Have you ever had the following experience: You studied extremely hard for an exam and could answer every practice question perfectly. However, you performed in the actual exam. How can this be possible? This is called the overfitting problem in machine learning (seems to be applicable to human learning also).

Consider the following figure (this figure has fewer data point.).

This is the data:

x	y
13.25288	40.89277
-14.8602	-45.3906
-5.68594	-22.806
18.02815	50.83212
-10.9294	-30.8796
-19.5857	-60.713
-6.93697	-32.6769
-1.07072	-3.18677
7.796119	16.73295
-11.9286	-43.9226
13.36518	28.79474

If this trend is consistent, by interpolation, when \(x\) is 6, the value of \(y\) is around 13. By observation, a straight line seems to be a pretty good way to express the relations between the values of \(x\) and \(y\), as shown below.

The straight line, however, is not a “perfect” solution: it does not pass most points. Would it be better if we can find a polynomial that passes every data point? Given a list of \(n\) pairs of \((x, y)\), it is always possible finding a polynomial of degree \(n-1\) passing every pair of point, as long as the \(x\) values are distinct.

Using the polyfit function in MATLAB, it is possible to find a polynomial of the 10th degree passing all elevent points. The coefficients are

Degree	Coefficient
\(x^{10}\)	-0.000000005588280
\(x^{9}\)	-0.000000016933579
\(x^{8}\)	0.000004911667751
\(x^{7}\)	0.000019301830733
\(x^{6}\)	-0.001461105562290
\(x^{5}\)	-0.007306583900806
\(x^{4}\)	0.166442447665419
\(x^{3}\)	0.999911252411206
\(x^{2}\)	-5.336314308798566
\(x^{1}\)	-34.670075611821026
\(x^{0}\)	-33.190351515165069

The following shows the polynomial when \(x\) is between -20 and 20.
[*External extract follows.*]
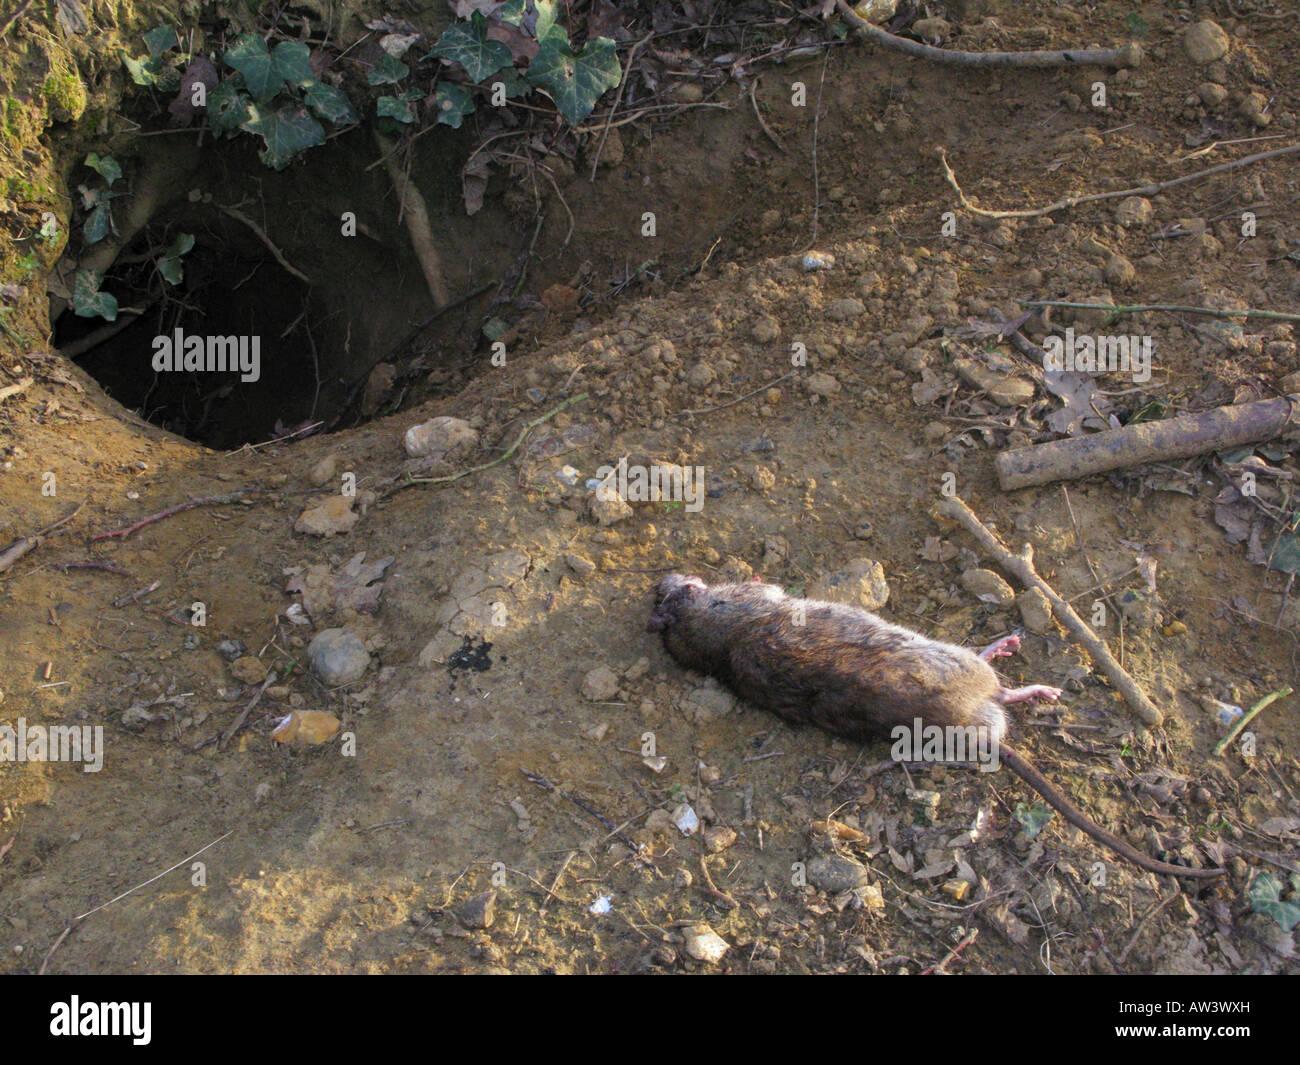 dead-brown-rat-at-entrance-of-fox-hole-den-rattus-norvegicus-AW3WXH.jpg
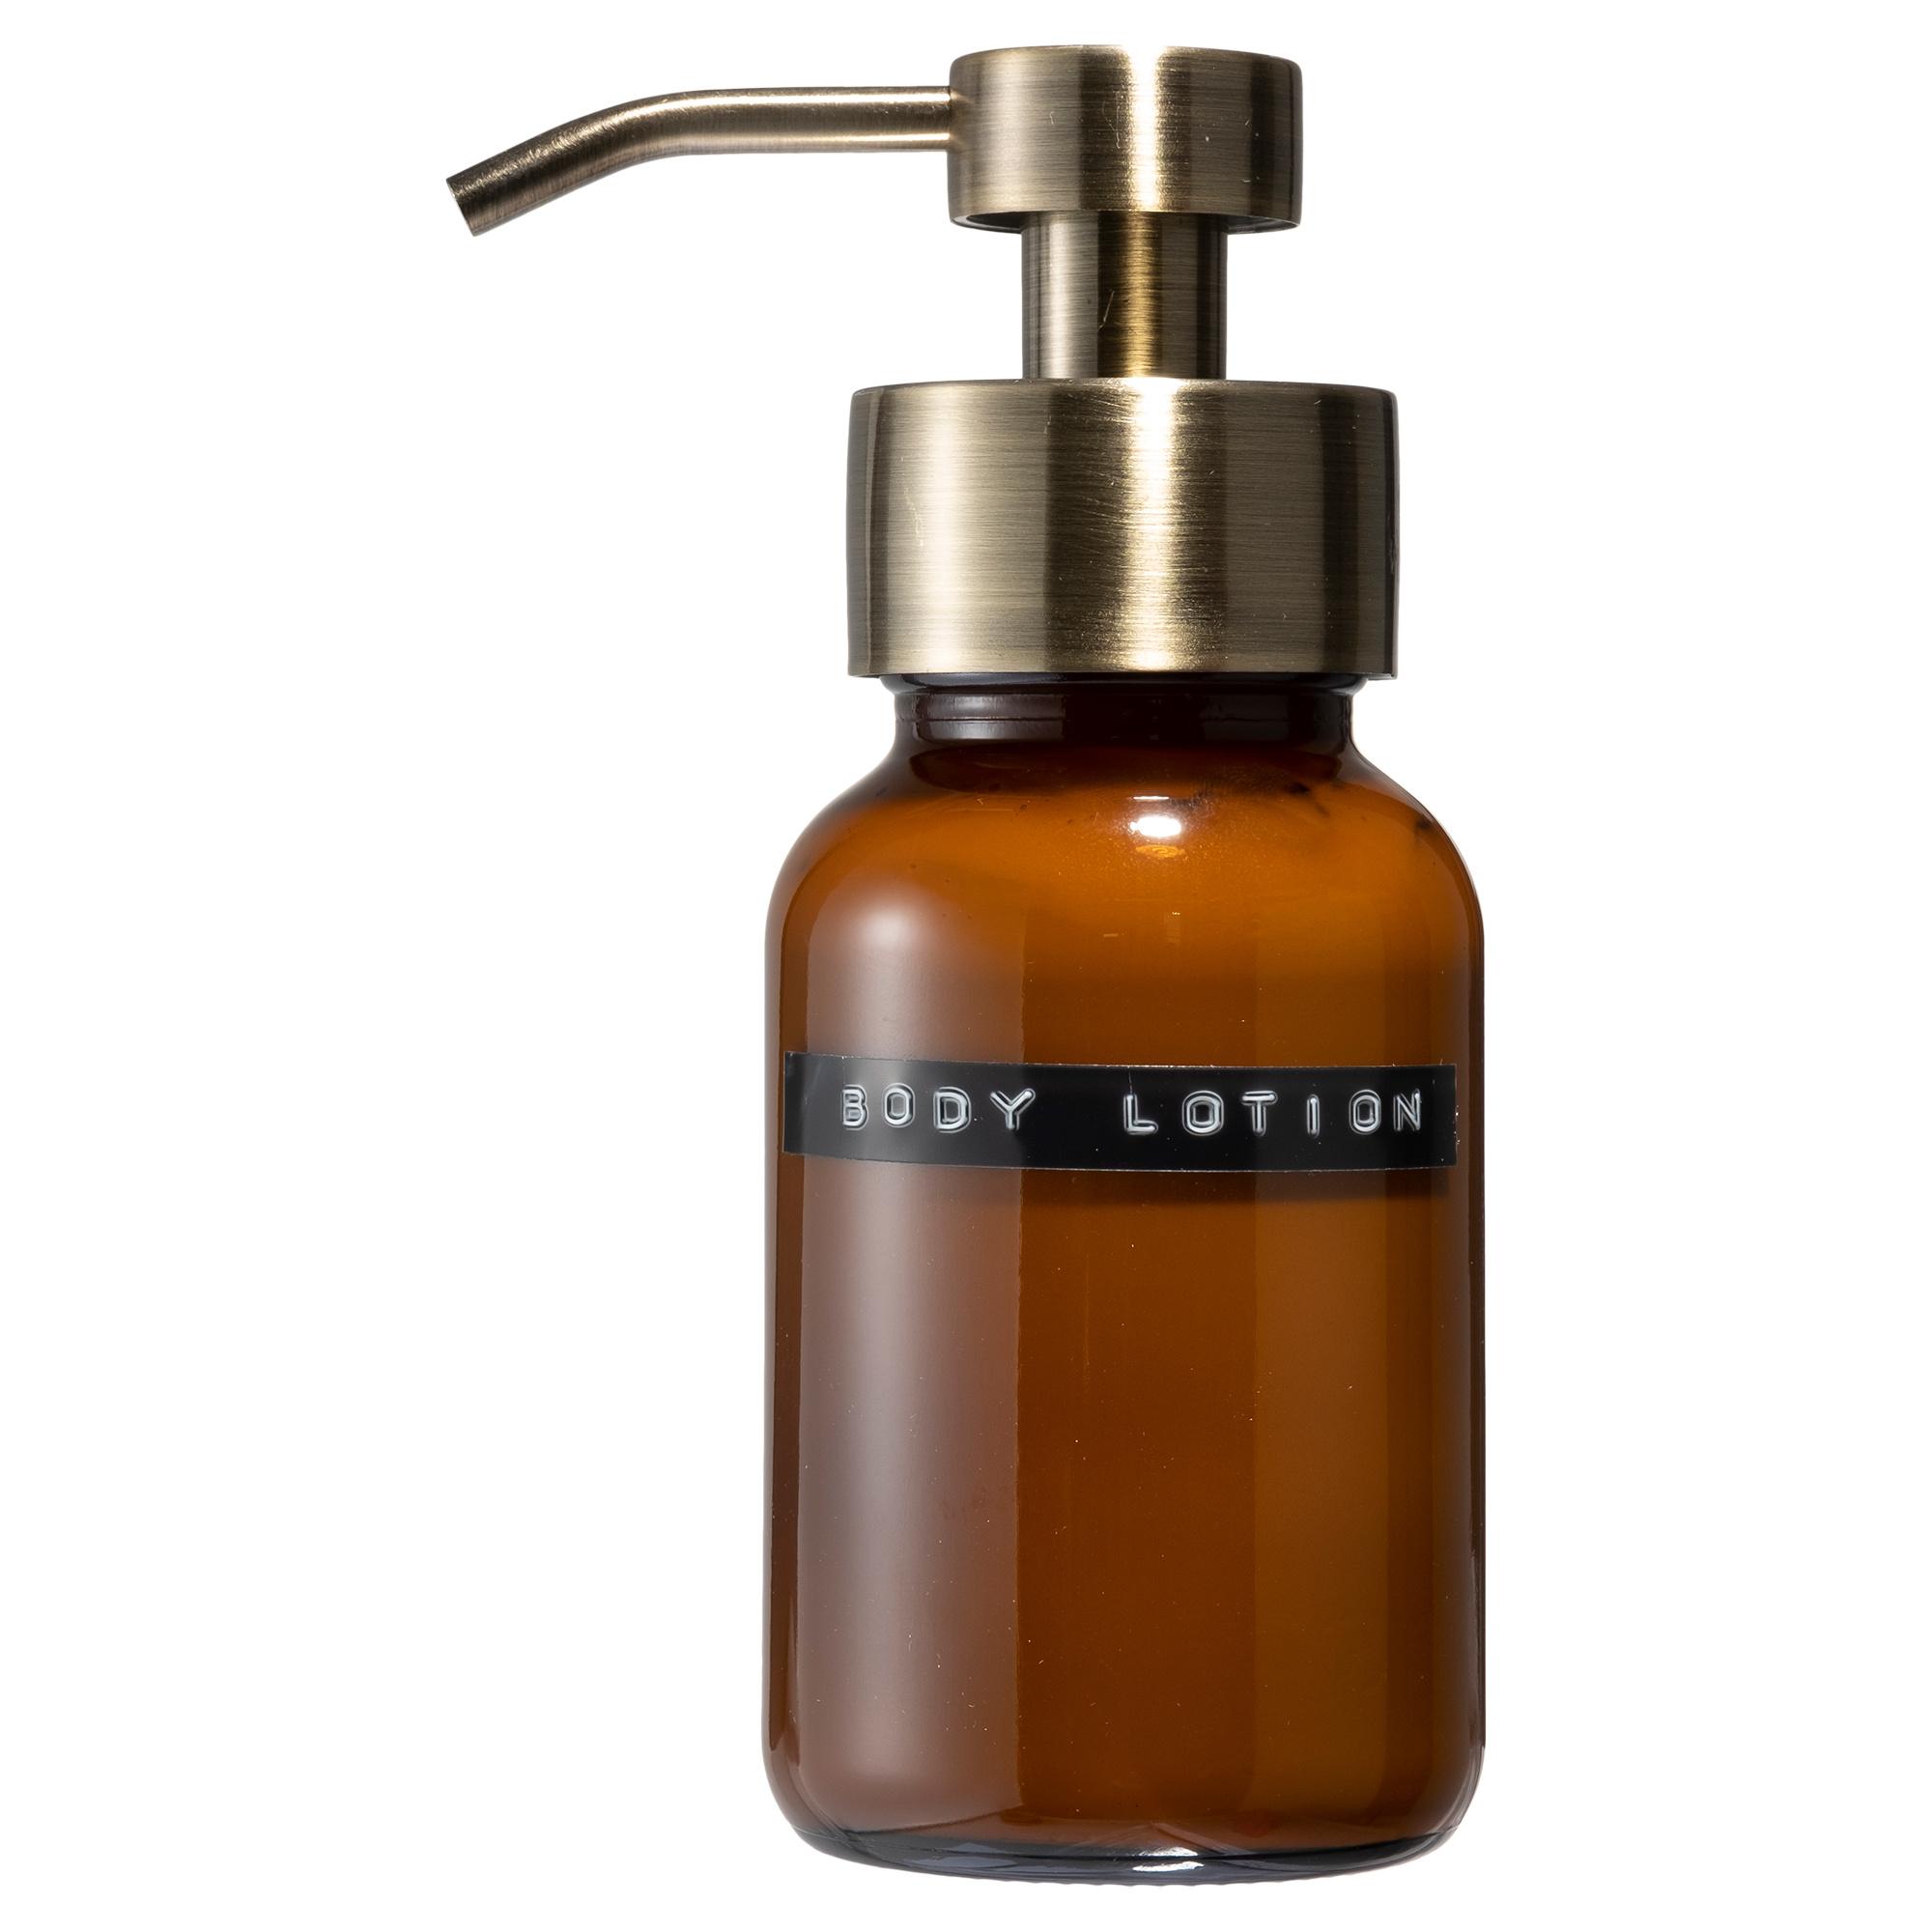 Body Lotion amber brass 250ml 'body lotion'-1

Zoom in the vertical axix, we can very clearly that this polynomail passes every data point

Is this polynomial a good representation of the data? Based on this polynomial, when \(x\) is -18, the \(y\) value is 329.303. When \(x\) is 6, the \(y\) value is -113.469. Are these expected? From the original data, we would expect that when \(x\) is -18, \(y\)’s value is around -50. The problem is overfitting: the polynomial intends to match the data, including the noise. A better solution is to use a lower-degree (such as linear) and allow some errors. Allowing some errors can be better generalizing the seen data to unseen data (such as when \(x\) is -18 or 6).

How can this concept be applicable to human learning? Some people study “too much” and memorize the details, instead of fully understanding the concepts. These people try to match problems with what they have already seen and answer based on these seen problems. If the new problems are different, these people may be unable to solve the new problems. They can solve the seen problems perfectly (like the 10-th degree polynomial) but these people cannot handle new problems.